Krugman: "The Europeans have shown us that peace and unity can be brought to a region with a history of violence."
Me: What the Europeans have shown us is that the United States can bring peace and unity to their region. From the Marshall Plan, which helped rebuild the economies of Western Europe, to the Truman Doctrine, which provided military and economic aid to Greece and Turkey, to--well, to the 50,000 troops we maintain in Germany to this very day. The Europeans? Teach us about peace? The assertion is just profoundly ignorant.

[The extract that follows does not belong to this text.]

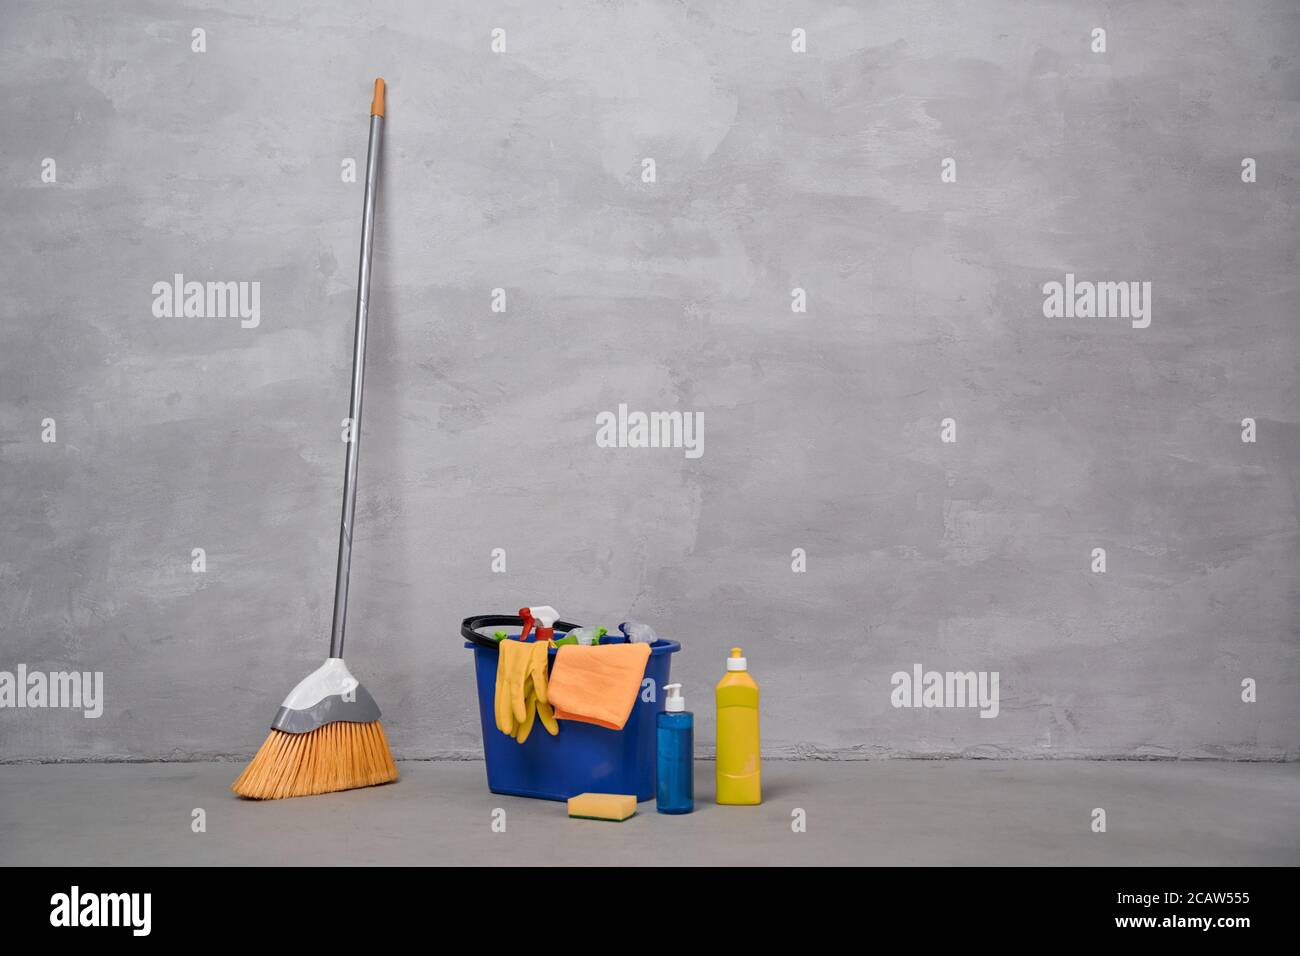 Cleaning equipment. Broom and plastic bucket or basket with cleaning products, bottles with detergents standing on the floor against grey wall. Housework, cleaning, housekeeping concept Stock Photo

Krugman: [I]n the process they have created perhaps the most decent societies in human history, combining democracy and human rights with a level of individual economic security that America comes nowhere close to matching.
Me: Where to begin? Well, let's just consider the economic point and let it go at that. The European economies have, for more than a quarter of a century now, grown, on average, much more slowly than that of the United States. One result? Chronic unemployment, particularly among young people and ethnic minorities. Perhaps a Ricochet reader can confirm this for me, but I seem to recall reading somewhere that the unemployment rate for French citizens under the age of 25 has remained above 10 percent for two decades now. Do those unemployed young French collect generous welfare payments? Indeed they do. But where would you rather live? Where would they rather live? Again, perhaps a Ricochetian can locate the precise figures, but the number of young Frenchmen in line to emigrate to the United States exceeds by some large amount the number of young Americans attempting to emigrate to France.
Krugman: In the 1980s and '90s...Europe set about removing many of the remaining obstacles to full economice integration....Borders were opened; freedom of personal movement was guaranteed; and product, safety and food regulations were harmonized, a process immortalized by the Eurosausage episode of the TV show "Yes Minister," in which the minister in question it told that under the new European rules, the traditional British sausage no longer qualifies as a sausage and must be renamed the Emulsified High-Fat Offal Tube. (Just to be clear, this happened only on TV.)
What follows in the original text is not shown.